Выбрать главу

Кроме священного обряда и выкупа была еще одна форма брака, называемая просто и без затей «usus», т. е. «использование». В Риме существовал закон, согласно которому предмет, при условии, что его хозяин не известен, находящийся в пользовании какого-либо человека длительное время, становился его собственностью. Для неодушевленных предметов в этом случае был установлен срок в два года, для одушевленных (т. е. рабов) – в один год. Женщина, прожившая безотлучно в доме своего мужа в течение года, считалась его женой без всяких дополнительных обрядов. Возможно, именно от этого обычая произошло выражение «узы брака».

Выйдя замуж, девушка становилась матроной (матерью семейства) и доминой (госпожой). Отныне ее почетное место было за ткацким станком в атрии, а все дни посвящались домашнему хозяйству и воспитанию детей. Когда же она умирала, на ее могиле писали эпитафию, подобную приведенной ниже:

«Прохожий, то, что я скажу, коротко: остановись и прочти!

Это простая гробница прекрасной женщины.

Родители назвали ее именем Клавдии.

Своего мужа она любила всем своим сердцем.

Она произвела на свет двух сыновей: одного из них она оставила на земле, другой находится под землей.

В речах она была прелестна, а также соразмерна в движениях.

Она следила за домом.

Пряла шерсть.

Я сказал все

Ступай»{ Винничук Л. Латинский язык. М.: Высшая школа, 1985. С. 123.}.

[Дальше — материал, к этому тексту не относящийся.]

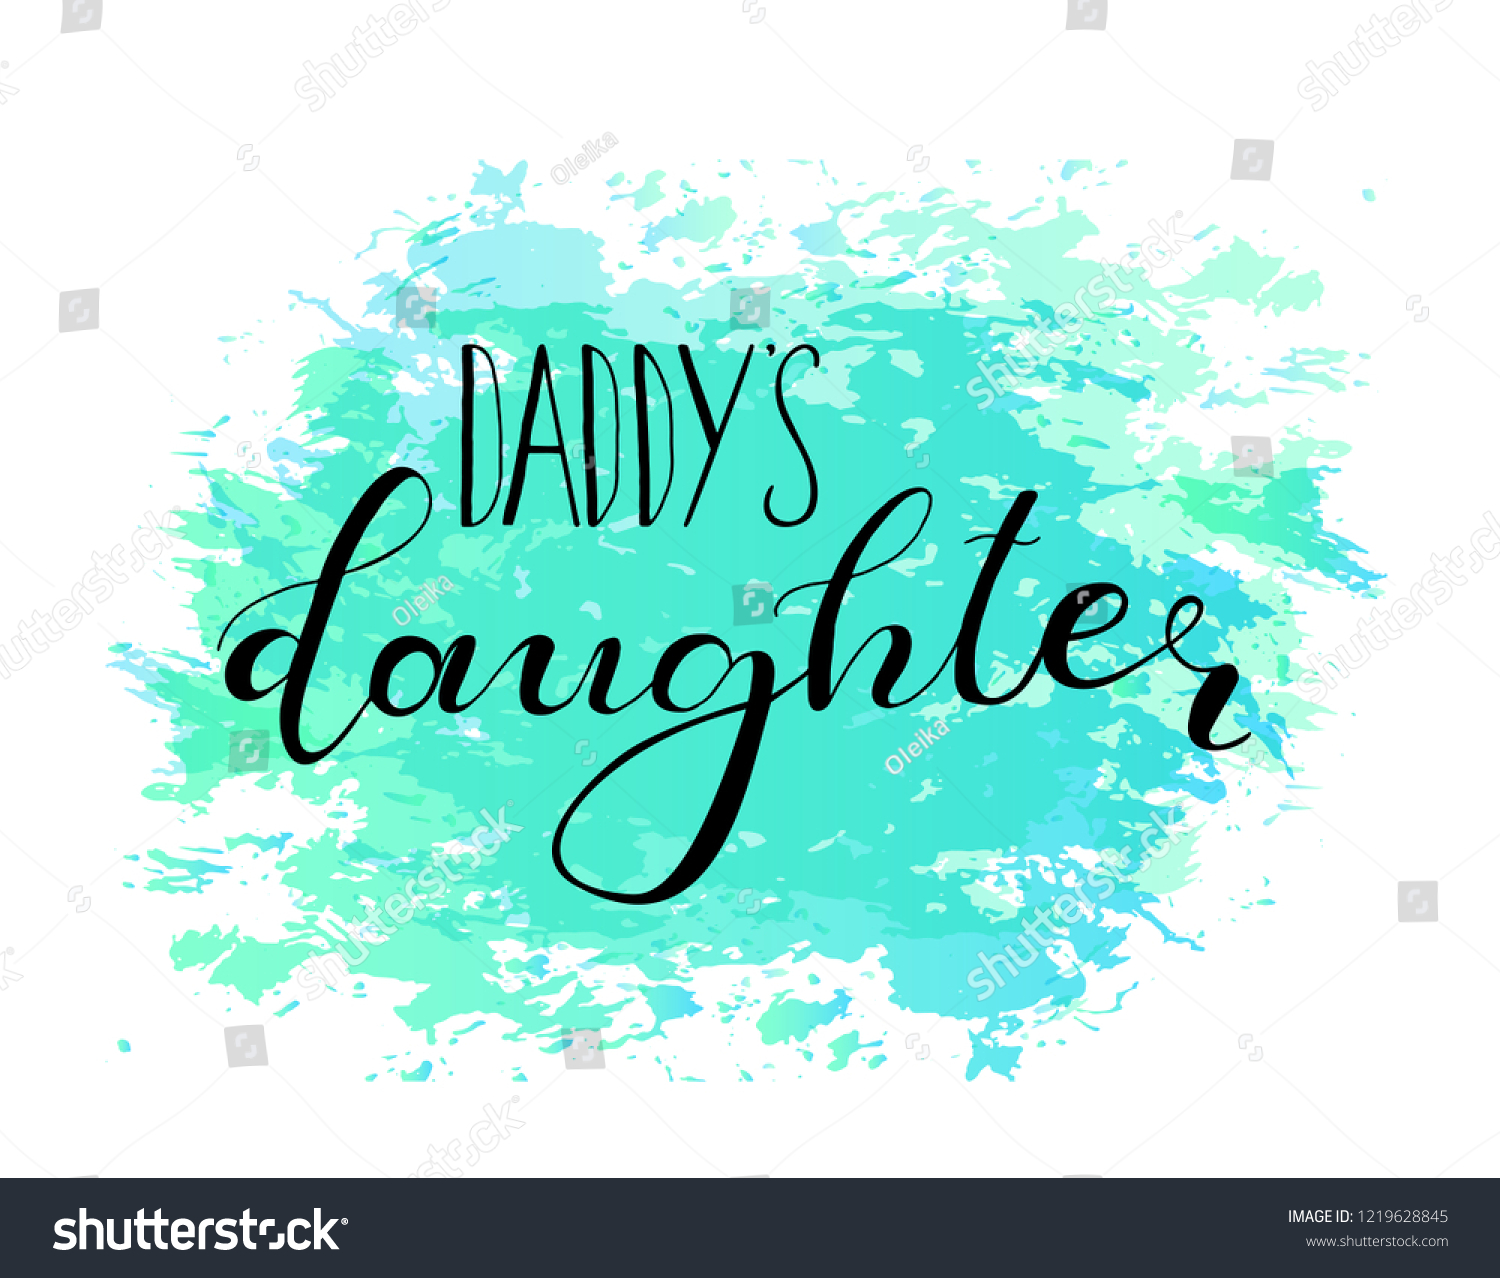 daddy daughter baby clothes

Римляне времен Республики были законодательными и законопослушными гражданами. Обеспечивая мужу «надежный тыл», заботясь о воспитании детей, женщина в первую очередь исполняла свои обязанности перед богами и государством. И все же нередко мужа и жену связывали искренняя любовь и взаимная забота. Доказательством этому могут послужить хотя бы письма, которые великий римский оратор Цицерон посылал из ссылки своей жене Теренции:

«И во многих письмах, и во всех беседах сообщают мне, что твое мужество и храбрость невероятны и что ты не сломлена ни телесными, ни душевными страданиями. О, я несчастный! Из-за меня ты, с твоими достоинствами, верностью, честностью, утонченностью, попала в такие бедствия! <…> Я вижу, что ты делаешь все очень мужественно и с величайшей любовью. Но умоляю тебя, жизнь моя, что касается расходов, позволь другим, которые могут, если, конечно, они хотят, помочь тебе и не разрушай своего слабого здоровья, если меня любишь. Ведь ты дни и ночи стоишь у меня перед глазами; я вижу, как ты берешь на себя все трудности, боюсь, выдержишь ли ты, но вижу, что все зависит от тебя. Поэтому, чтобы мы достигли того, на что ты надеешься и о чем хлопочешь, береги здоровье…»{ Винничук Л. Латинский язык. М.: Высшая школа, 1985. С. 222.}

Среди таких римлянок, «прядущих шерсть», встречались и незаурядные женщины. Одной из них была Корнелия – жена Тиберия Семпрония Гракха и мать братьев Гракхов, авторов знаменитых аграрных законов. Легенда рассказывает, что когда гадатели предсказали Тиберию, что либо он, либо его жена должны скоро погибнуть, тот совершил многочисленные священные обряды, чтобы обратить гибель на себя и отвратить от жены. Не известно, так ли все было в точности, но Корнелия действительно осталась прежде времени вдовой с двенадцатью детьми. Она была еще молода, красива и очень богата; за нее не единожды сватались. Но Корнелия оставалась верна памяти мужа. И печаль не превратила ее в затворницу. Женщина держала «открытый дом», предоставляя сыновьям возможность познакомиться со всеми значительными людьми в Риме. Она дала своим детям лучшее по тем временам образование, и они действительно выросли выдающимися ораторами и политиками. «Мы знаем, как много дала для развития красноречия Гракхов их мать Корнелия, чья просвещенная беседа донесена до потомства ее письмами», – писал Квинтилиан.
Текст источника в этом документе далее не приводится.